RESULTS: Over 90% of the vegetable samples had aerobic mesophilic counts of ≥ log 6 cfu/g. Ninety seven percent of the lettuce and 58% of the green pepper samples had enterobacteraceae counts of ≥ log 5 cfu/g. Coliforms were encountered at counts ≥ log 4 cfu/g in 48% and 35% of lettuce and green pepper samples, respectively. Over 80% of vegetable samples harbored staphylococci with counts ranging from log 4 to log 6 cfu/g. More than 88% of lettuce and 18% of green pepper samples had yeast and mold counts ≥ log 4 cfu/g. The aerobic mesophilic flora of the vegetable samples was dominated by Bacillus and Micrococcus spp. Salmonella and Shigella were isolated from eight (10%) and 24 (30%) samples, respectively. All of the Salmonella and 97% of Shigella isolates showed resistance to penicillin. Ampicillin resistance was observed in 42% of Salmonella and 79% of Shigella isolates. Multiple drug resistance was seen in 8 and 24 isolates of Salmonella and Shigella isolates, respectively.
CONCLUSION: The majority of lettuce and green pepper samples had high microbial load and multiple drug resistant pathogens were also isolated from some samples. As lettuce and green pepper, when used as salad vegetables, do not get any further heat treatment, thorough washing and considerably longer exposure of the vegetables to food grade chemicals is recommended to kill pathogens and significantly reduce the microbial load.

Introduction

Shortly after some major human pathogens were recognized as being spread from animal reservoirs, fresh fruits and vegetables emerged as new vehicles for the transmission of diseases (1). Human infections traditionally are acquired via the ingestion of contaminated foods and drinks (2). This becomes an important issue when coupled with the trend of people consuming more vegetables and fruits for health and nutritional reasons. Irrigation with poor-quality water is a major source of contamination to fruits and vegetables with foodborne pathogens. Like wise, the use of raw animal manure for fertilizer can increase the threat of contamination of fruits and vegetables (3).

There are a number of reports indicating that raw vegetables may harbor potential foodborne pathogens (3–6). Listeria monocytogenes, Salmonella (5), and Escherichia coli (6) have been isolated from raw vegetables. Enteric pathogens have been found on a wide variety of produce including lettuce, tomatoes, and cantaloupes (3). Outbreaks of salmonellosis have been attributed to the consumption of contaminated tomatoes (7).

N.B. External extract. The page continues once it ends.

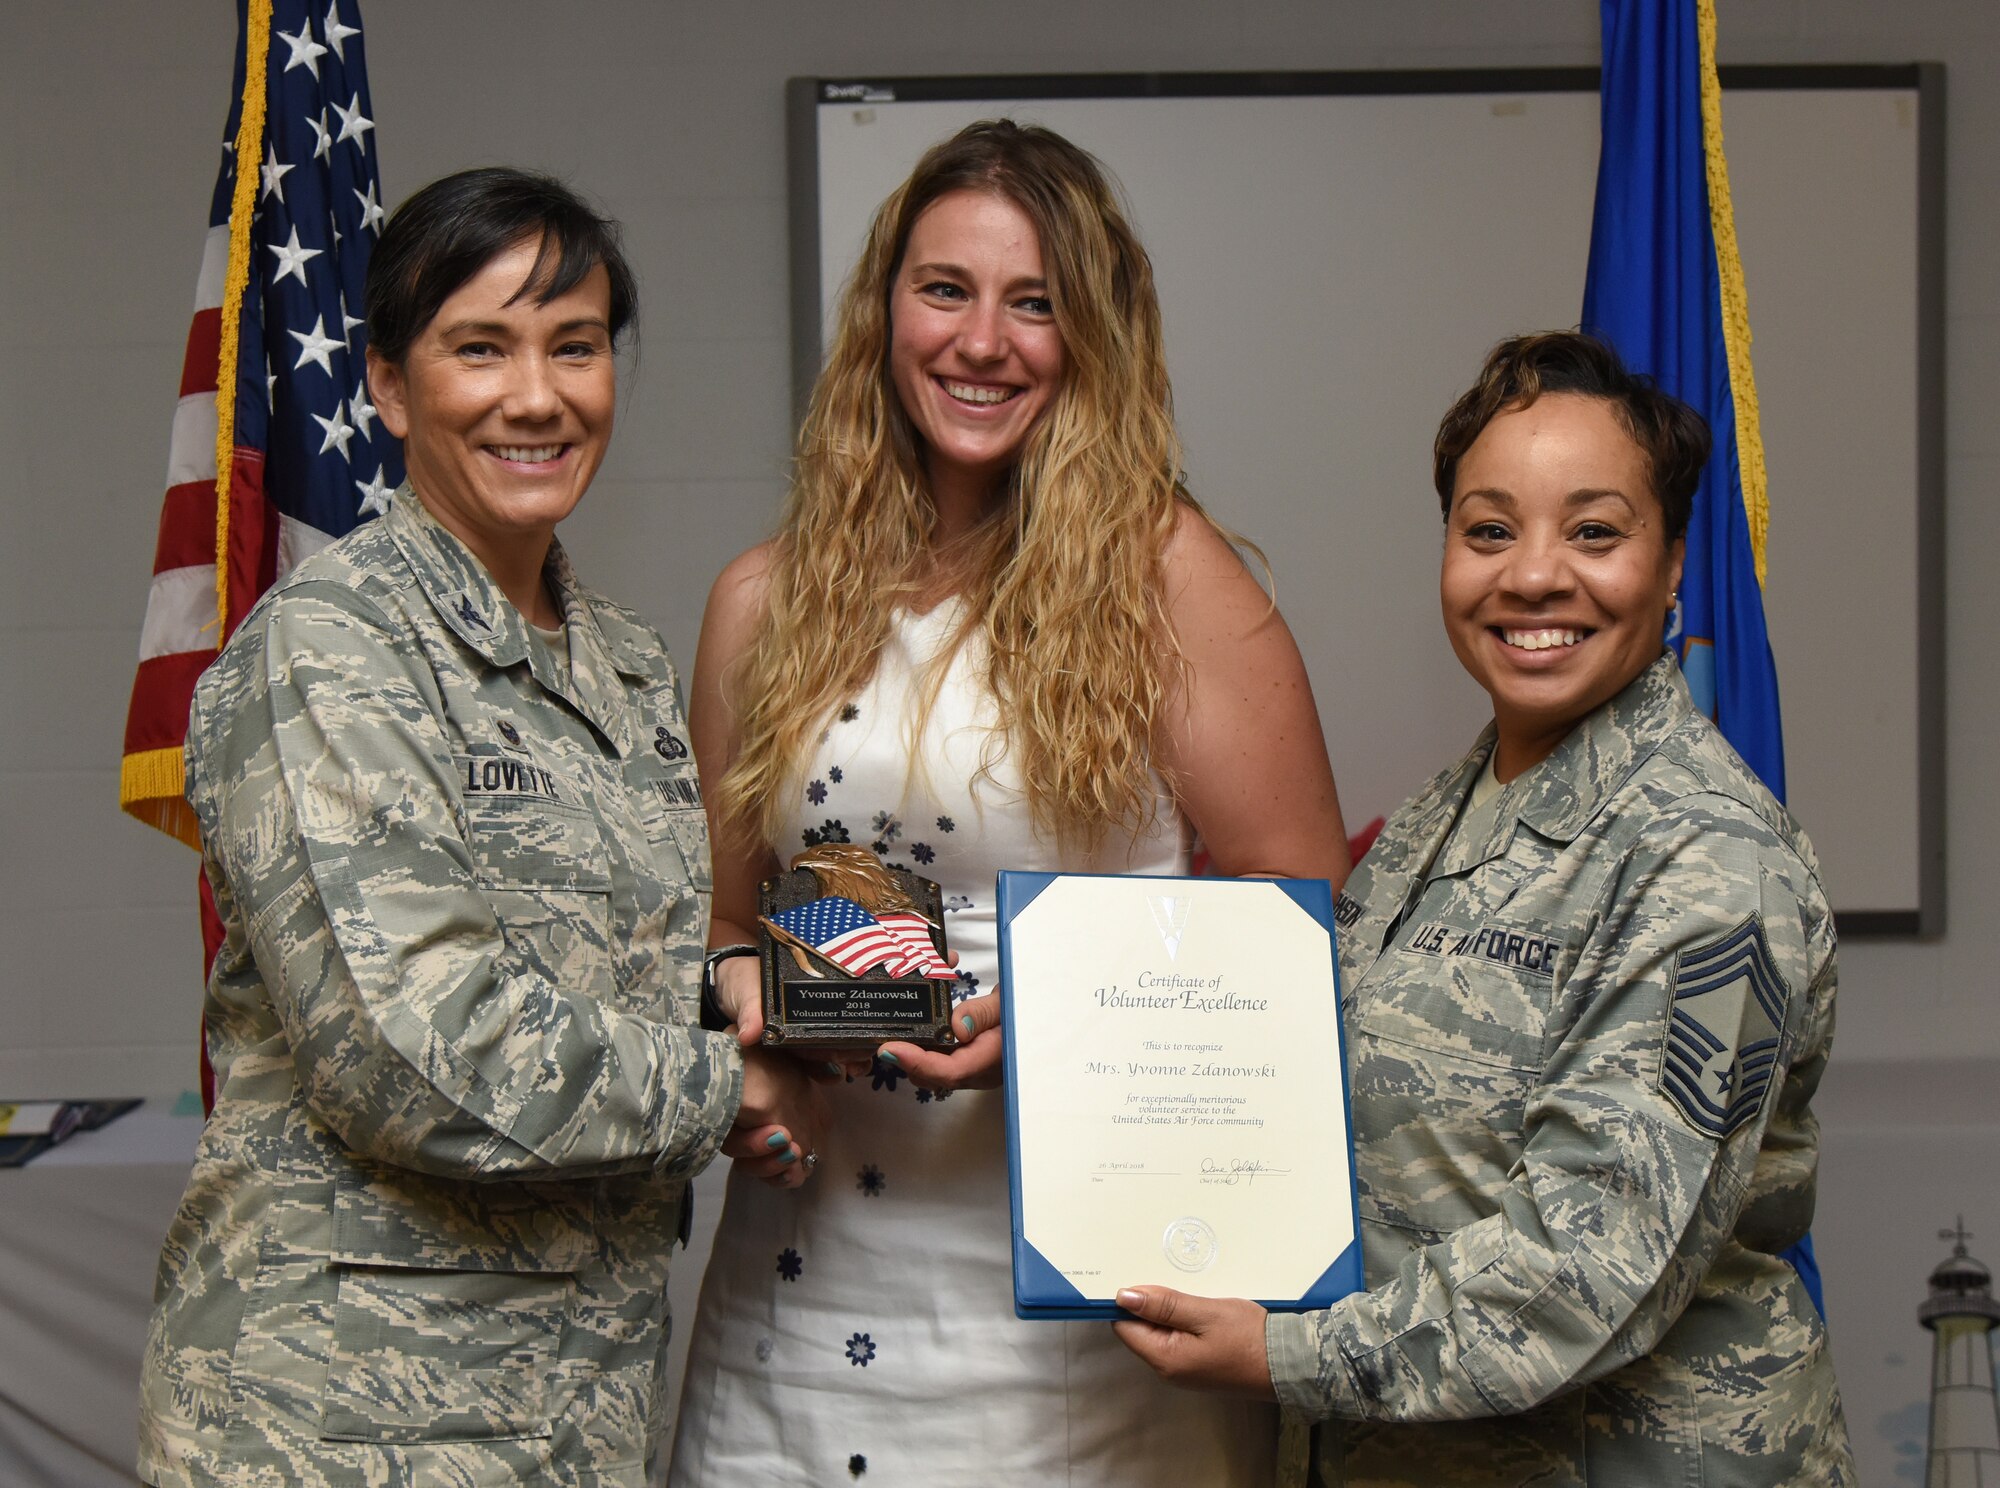 U.S. Air Force Col. Debra Lovette, 81st Training Wing commander, and Chief Master Sgt. Tanya Johnson, 81st Diagnostic and Therapeutics Squadron superintendent, presents Yvonne Zdanowski, spouse of 2nd Lt. Paul Zdanowski, 81st Force Support Squadron resource management officer in charge, with a Volunteer Excellence certificate during the 2018 Volunteer Appreciation Ceremony at the Sablich Center at Keesler Air Force Base, Mississippi, April 26, 2018. The event recognized Keesler personnel, family members and retirees for their volunteer service in 2017. (U.S. Air Force photo by Kemberly Groue)

Currently, there are numerous local outlets that distribute fresh produce in Addis Ababa. The major sources of vegetables are farms in different parts of the city which use heavily contaminated water for irrigation. Various undesirable microorganisms may be present at the time of purchase in grocery stores. This becomes particularly important in salad vegetables which are prepared and consumed without heat treatment. Information on the microbial safety of food items in Ethiopia is limited. There are very few reports on the microbial quality and prevalence of foodborne pathogens found on fresh produce in Ethiopia (8, 9).

The objective of this study is to investigate the microbial load and antibiotic resistance of Salmonella and Shigella isolates from lettuce and green pepper.

Materials and Methods

Collections of samples: A total of 80 fresh produce samples were purchased at different sampling days from different outlets in Addis Ababa, Ethiopia between November, 2007–April 2008. The samples consisted of 40 lettuce and 40 green pepper. All samples were collected aseptically and immediately brought to the Microbiology laboratory at Biology department, Addis Ababa University for analysis. Microbiological analysis was conducted within three hours of sample collection.

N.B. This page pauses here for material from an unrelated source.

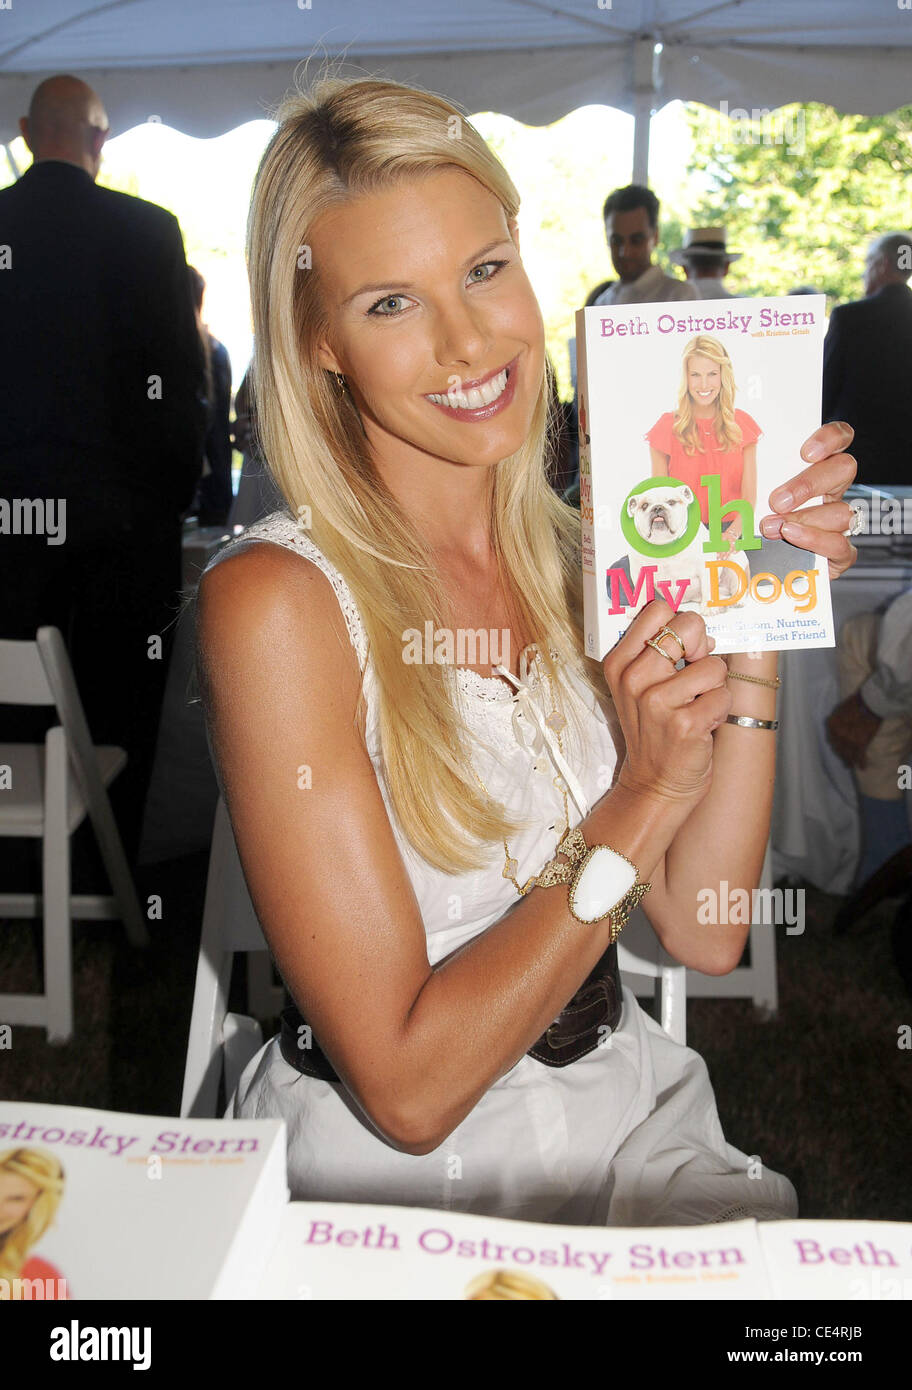 Author Beth Ostrosky Stern  attends the '2010 Authors Night', at The East Hampton Library  East Hampton, New York - 13.08.10 Stock Photo

Microbiological analyses: For microbiological analyses, 25g of sample was aseptically removed from each sample using a sterile scalpel and vigorously shaken in 225ml of sterile 0.1% (w/v) bacteriological peptone water (Oxoid) for 3 minutes. Appropriate serial dilutions of the suspension were then spread-plated on a suitable agar medium.

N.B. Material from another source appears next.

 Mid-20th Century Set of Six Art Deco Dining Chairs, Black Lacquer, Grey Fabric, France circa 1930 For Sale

Aerobic mesophilic bacteria were counted using Plate Count (PC) Agar (Oxoid) plates incubated at 30°C for 72 hours. For Enterobacteriaceae, Violet Red Bile Glucose Agar (Oxoid) was used and plates were incubated at 30°C for 24 hours. All purple colonies were counted as members of Enterobacteriaceae. Coliforms were counted on Violet Red Bile Agar (Oxoid) after incubating plates at 30°C for 24 hours. Red to pink colonies, surrounded by precipitated bile, were counted as coliforms. For staphylococci, Mannitol Salt Agar (Oxoid) was surface plated and incubated at 30°C for 36 hours. Bacterial spores were counted after heating the suspension for ten minutes in water bath (80°C) and spread-plating 0.1 ml of appropriate dilutions on the pre dried surface of PC plates. Colonies were counted after incubation at 30 to 32° C for 24 hours. Counts of yeasts were determined on Chloramphenicol Bromophenol Blue Agar plates incubated at 25–28°C for three to five days. Chloramphenicol-Bromophenol blue agar consisted of (g/l distilled water) yeasts extract (Oxoid) 5.0, glucose 20, choramphenicol 0.1, Bromophenol-blue 0.01, agar 15, pH 6.0–6.4. Smooth (non-hairy) colonies without extension at periphery (margin) were counted as yeasts. Microbial counts were transformed to log10 cfu/g.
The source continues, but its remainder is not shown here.